10 December 2011

Day, shift

How do you describe what it feels like to rejoin society, to reconstruct what was formerly habit into routine into lifestyle? At times I feel like I haven't left the conventional daytime work hours at all, but at the same time - so much has happened in this past year that it's impossible to discount the memories.

It's kinda like this. Wandering through unfamiliar terrain in the pitch dark is terrifying when you can't identify what's around you. Your brain panics and it feels as though your imagination will run wild for miles into a million different directions. And you're literally just stuck.

It's hard to even tentatively move any which way because you don't know what the rules of this place that you occupy are - what if living in that space defies some law of physics? What do you reach toward when you're without direction?

Having an odd schedule, I often felt a mild variation of that. Working on a different timetable from the rest of the world was like being in the dark, with barely recognizable figures, reaching out into pitch black spaces. It's difficult to gauge where you are relative to everything, get a sense of rank or placement, when you are bound to one spot.

A starting point.

From there on, however, wherever you move to, it'd still be uncertain.
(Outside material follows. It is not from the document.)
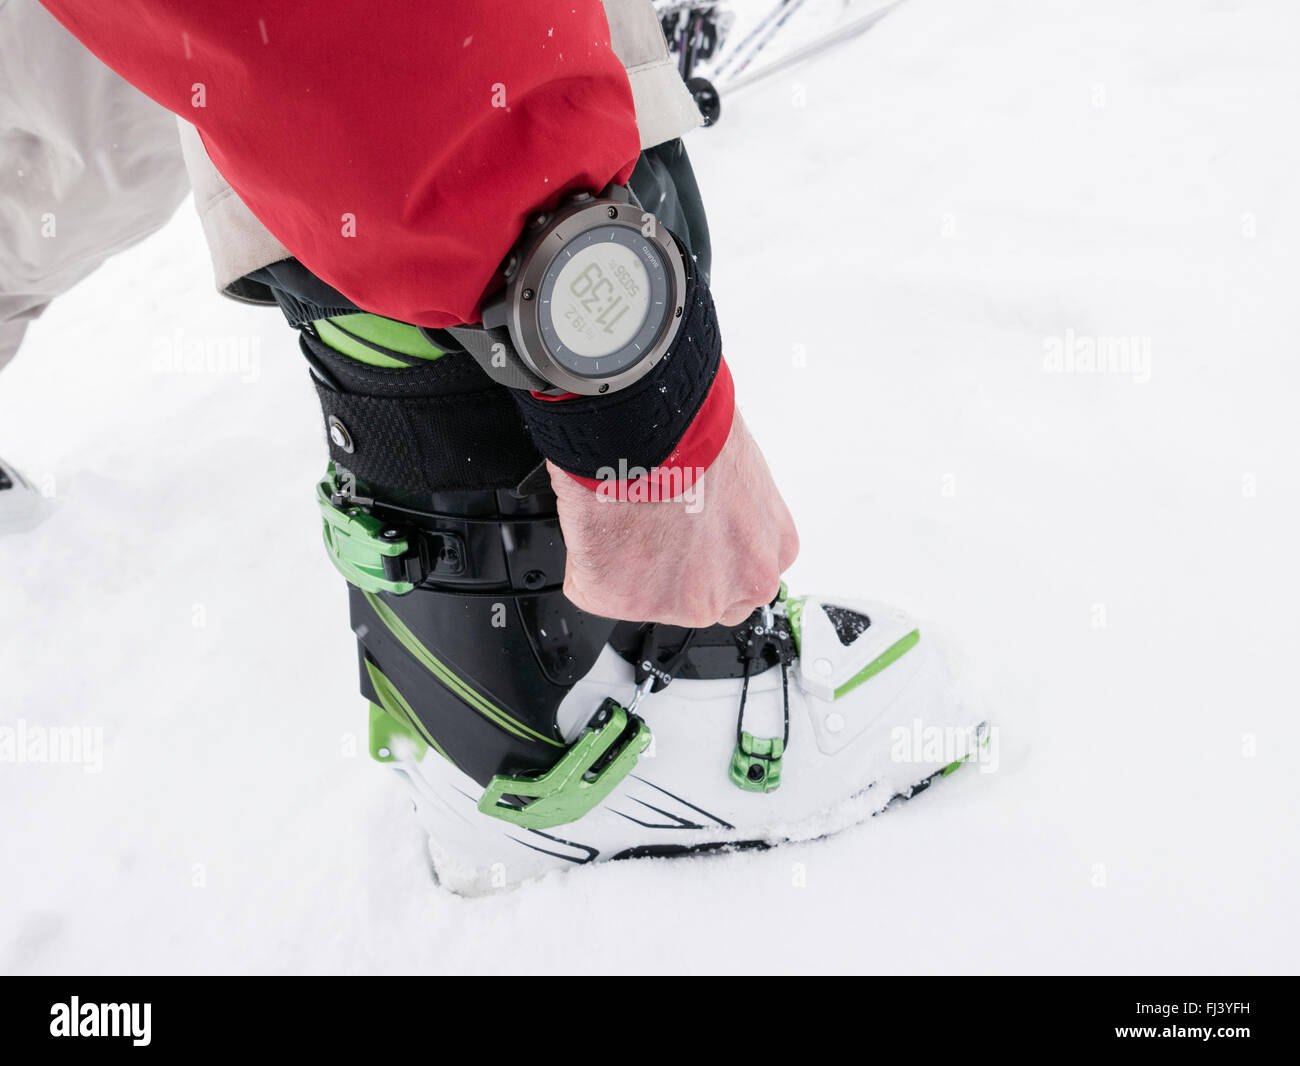 Skier adjusting alpine touring ski boots and wearing a Suunto Traverse GPS Watch device for backcountry navigation. Alps Stock Photo
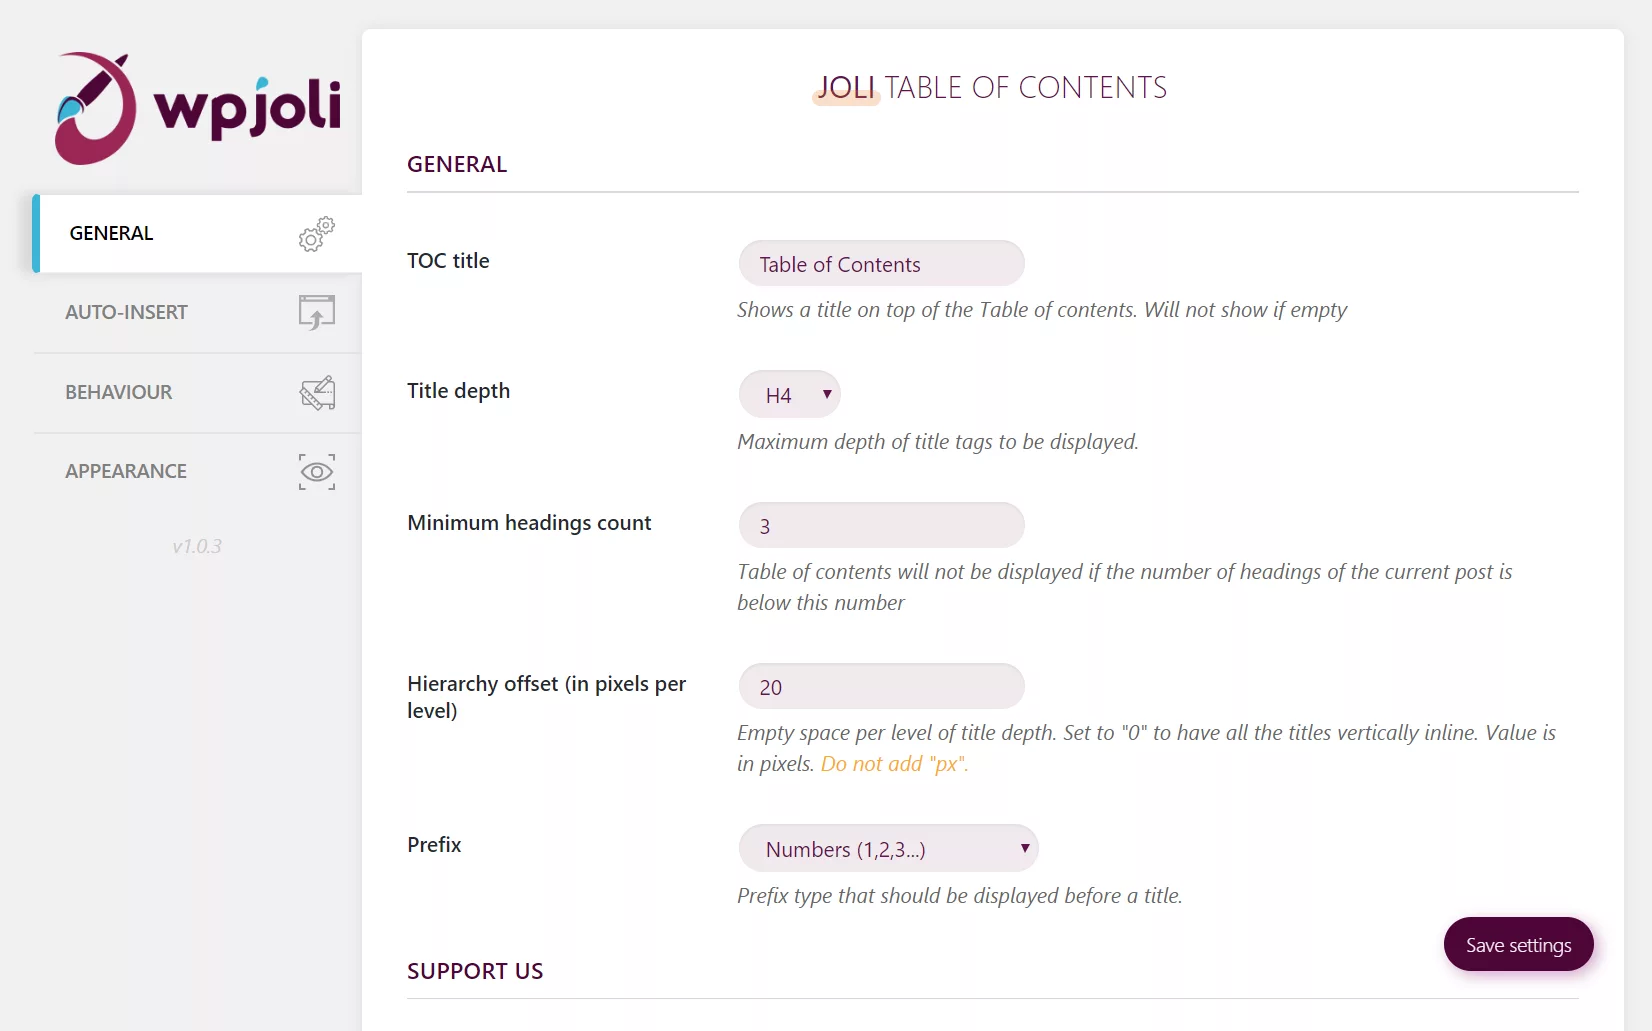 How To Use Joli Table of Contents?

But at least you'd know that it was okay to move. It didn't matter which way, but you could...MOVE.

This past year, whether of my own volition or because it really was the case, I've felt caught. Stuck. Immobile. And frustrated because I questioned whether I was the one who was creating and contributing to my own mental block without realizing it.

The thing is, if you can define the root of a problem as either internal or external, you can do something about it. But if you balance on the precipice of "it's you, not me," then you don't know the rules. And then you don't know how to react.

People say to react to how you feel. I say it's more important to feel how you act.

Really feel it.

Absorb all the consequences of what it means and why you did it and what will propel you to do it again.

This past year has truly been unlike anything I have ever been through before. I was at times lonely, frustrated, self-conscious, prideful, stubborn, jealous, possessive. I think I saw myself at some pretty low points, but I also think that forced me to venture out and feel my way back toward a semblance of a self-created path.

And though I'm treading lightly, at least I'm moving.

How bout them directions?

Just last year, a few weeks into my new schedule at the time, I wrote about how it felt to be living in opposition to the mainstream, to have my own bubble of New York life. And rereading it now, the sentences still ring true.

Solitude will be my best learning tool.

It's easy to get lost in New York City. But last night/this morning, as I glanced over my shoulder at bedroom lights flickering on in high rises as I crossed the bridge, people starting the day just as I was about to end it, I felt found. Their dawn is my dusk. My reality is only, really, in my head. And I was very much aware that I was coming home -- on my own terms.